What’s this got to do with SSI O’Neill style Space living? A lot. Fundamentally, Nitrogen is a big hole in closed looping offplanet agro, and animal (Human) waste does have Nitrogen and Phosphorus so if you get a big spinner with 50 or a hundred or more Humans then about twice a day from each of them you have raw sources becoming available.  Part of your facility should be efficiently pulling them out of the flow and using as much of the rest as possible for anything and everything they can be used for.
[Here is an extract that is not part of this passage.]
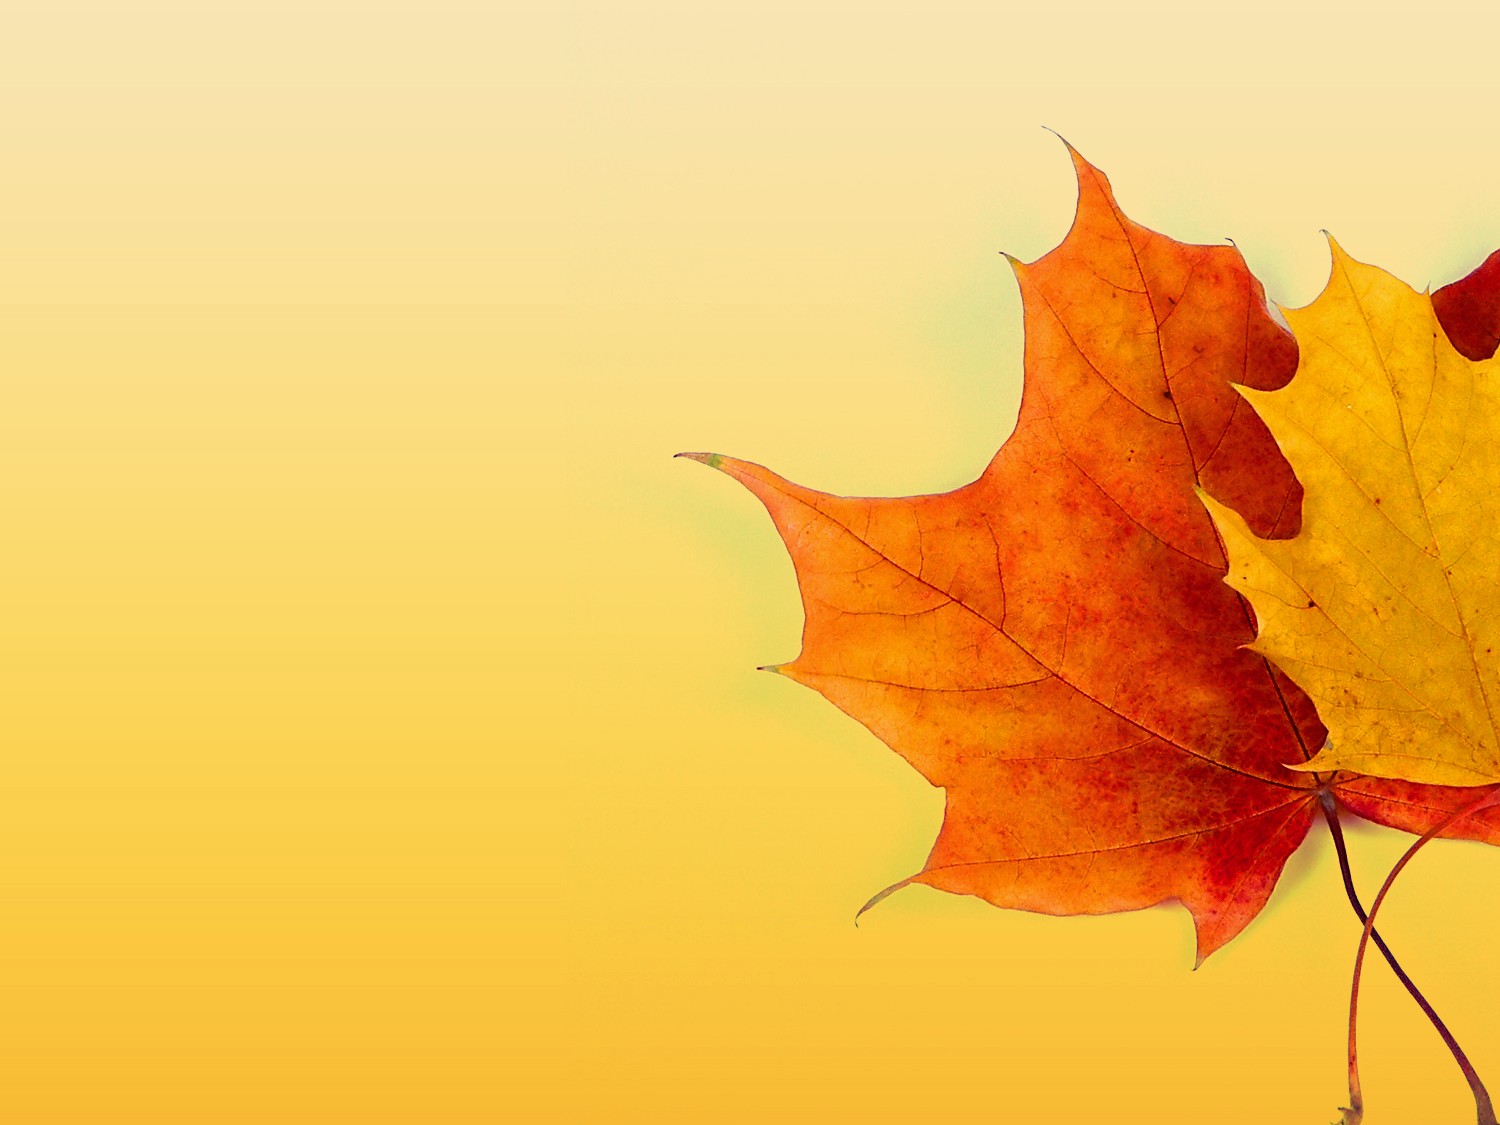 Autumn Frame Backgrounds for Powerpoint Templates - PPT Backgrounds Regarding Free Fall Powerpoint Templates

Plus, there is that whole “High Fronter Concept” which is, by definition: “Using the material and energy resources of space to improve the human condition on Earth.” Those O’Neillian resources will include People, if People are going to be truly living off planet at some point then some of the most important of them will be those who do Waste Recycling.
 
If you are laughing then you have never been a home owner who had their bathroom stop working correctly – how much were you willing to pay 6 hours after a big breakfast, and how much did you end up paying because that’s just the going rate for the experts.
 
Waste Recycling is going to be a VERY important job, and those who do it up there, efficiently, with the cutting edges of the tech, will surely be a great value even to the folks down here who have no interest in ever going more than a few miles from the place they were born.
 
I wish I could find that darned proposal. But here’re a few things maybe worth looking at:
 
 
The book “Pipe Dreams” by Chelsea Wald. It’s a new book, I just got it at Barnes & Noble, it was right on the shelf in the Science section.
 
And there are the books: “The Humanure Handbook, 4th Edition: S**t in a Nutshell” by Joseph C Jenkins and, maybe, “The Big Necessity: The Unmentionable World of Human Waste and Why It Matters” by Rose George. I haven’t read these yet, they may be interesting or somewhat helpful as starters.